04 and 105 are required.

As described above, in the conventional double-sided light emitting fluorescent display tube, the number of external terminals increases, so that the size of the envelope must be increased regardless of the display area. If the size of the enclosure is to be set to a standard size suitable for the display area, the arrangement pitch of the large number of external terminals must be reduced. Will rise.

In the conventional double-sided light emitting fluorescent display tube, different types of external terminals are mixed, so that it is difficult to adjust the mold in the pressing step, and to connect each terminal in the envelope in the assembling step. Alignment was difficult.

According to the present invention, in a double-sided light emitting fluorescent display tube having an envelope formed by combining a front plate, a substrate and a side plate, the type and number of external terminals are reduced, and the outer shape of the envelope is made smaller than before. It is intended to be compact.

[0010]

According to a first aspect of the present invention, there is provided a double-sided light emitting fluorescent display tube having an envelope in which a frame-shaped side plate is sealed between a substrate and a front plate facing each other. An inner surface of the display panel has a substrate-side light-emitting display unit and a substrate-side terminal connected to the substrate-side light-emitting display unit. An inner surface of the front plate is connected to the front-plate-side light-emitting display unit and the front-plate-side light-emitting display unit. In the double-sided emission type fluorescent display tube having a front plate side terminal, and sandwiched and sealed between the substrate or one of the front plate and the side plate, the substrate side terminal and the inside of the envelope A plurality of external terminals contacting the front plate side terminal are provided.

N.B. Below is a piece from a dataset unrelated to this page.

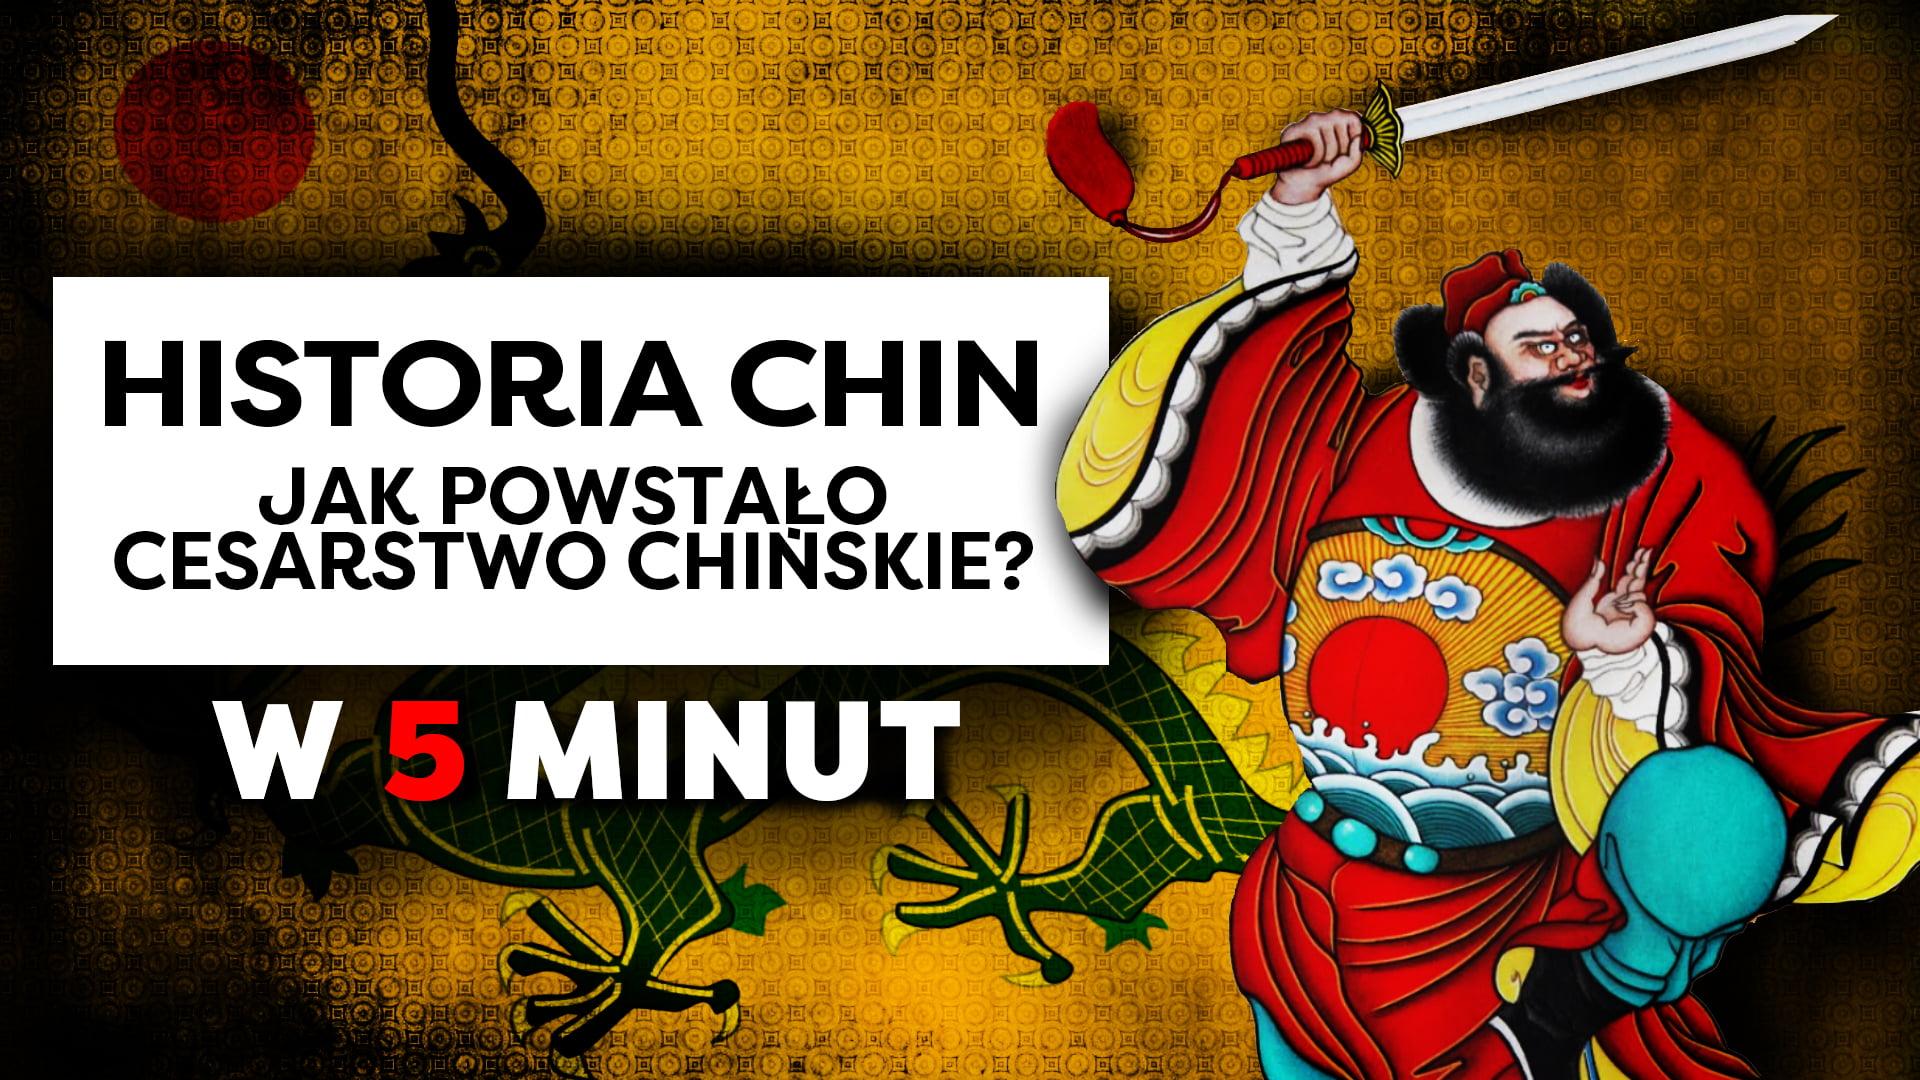 chiny, historia chin

The double-sided fluorescent display tube according to the second aspect is the dual-sided fluorescent display tube according to the first aspect.
A first portion in which the external terminal is sandwiched and sealed between one of the substrate or the front plate and the side plate, and a continuous at a predetermined angle with respect to the first portion in the envelope; And a corner portion of the first portion and the second portion is connected to one of the substrate-side terminal or the front plate-side terminal, and a tip of the second portion is the substrate. The terminal is connected to the other of the side terminal and the front plate side terminal.

According to a third aspect of the present invention, there is provided a dual-sided fluorescent display tube according to the second aspect.
The second portion is formed in a shape having a spring property.

According to a fourth aspect of the present invention, there is provided a dual-sided fluorescent display tube according to the first aspect.
Inside the envelope, a cathode that emits electrons, a substrate-side control electrode that controls electrons emitted from the cathode to project on the substrate-side light-emitting display unit, and an electron that is emitted from the cathode A front panel-side control electrode that controls the front panel-side light-emitting display unit to control the external terminal is driven in a predetermined cycle, and the substrate-side control electrode and the timing are synchronized with the cycle. It is characterized in that the substrate-side control electrode and the front-plate-side control electrode are driven to emit light by applying a selection signal to the front-plate-side control electrode.

According to a fifth aspect of the present invention, there is provided a double-sided light emitting fluorescent display tube having an envelope in which a frame-shaped side plate is sealed between a substrate and a front plate facing each other, and a wiring pattern is formed on an inner surface of the substrate. And a substrate-side terminal connected to the wiring pattern, an insulating layer covering the wiring pattern, an anode conductor provided on the insulating layer and connected to the wiring pattern, a phosphor layer provided on the anode conductor, A substrate-side control electrode provided at a predetermined distance from the phosphor layer; and a wiring pattern on the inner surface of the front plate, a front-plate-side terminal connected to the wiring pattern, and a light-transmitting connected to the wiring pattern. An anode conductor, a phosphor layer provided on the anode conductor, and a front plate-side control electrode provided at a predetermined distance from the phosphor layer, wherein the phosphor layers on the substrate and the front plate are provided. The luminescence of the front In the dual emission type fluorescent display tube configured to be observed through, the substrate or the front plate is sandwiched and sealed between one of the side plates and the substrate side terminal and the inside of the envelope. It is characterized by comprising a plurality of external terminals abutting on the front plate side terminals.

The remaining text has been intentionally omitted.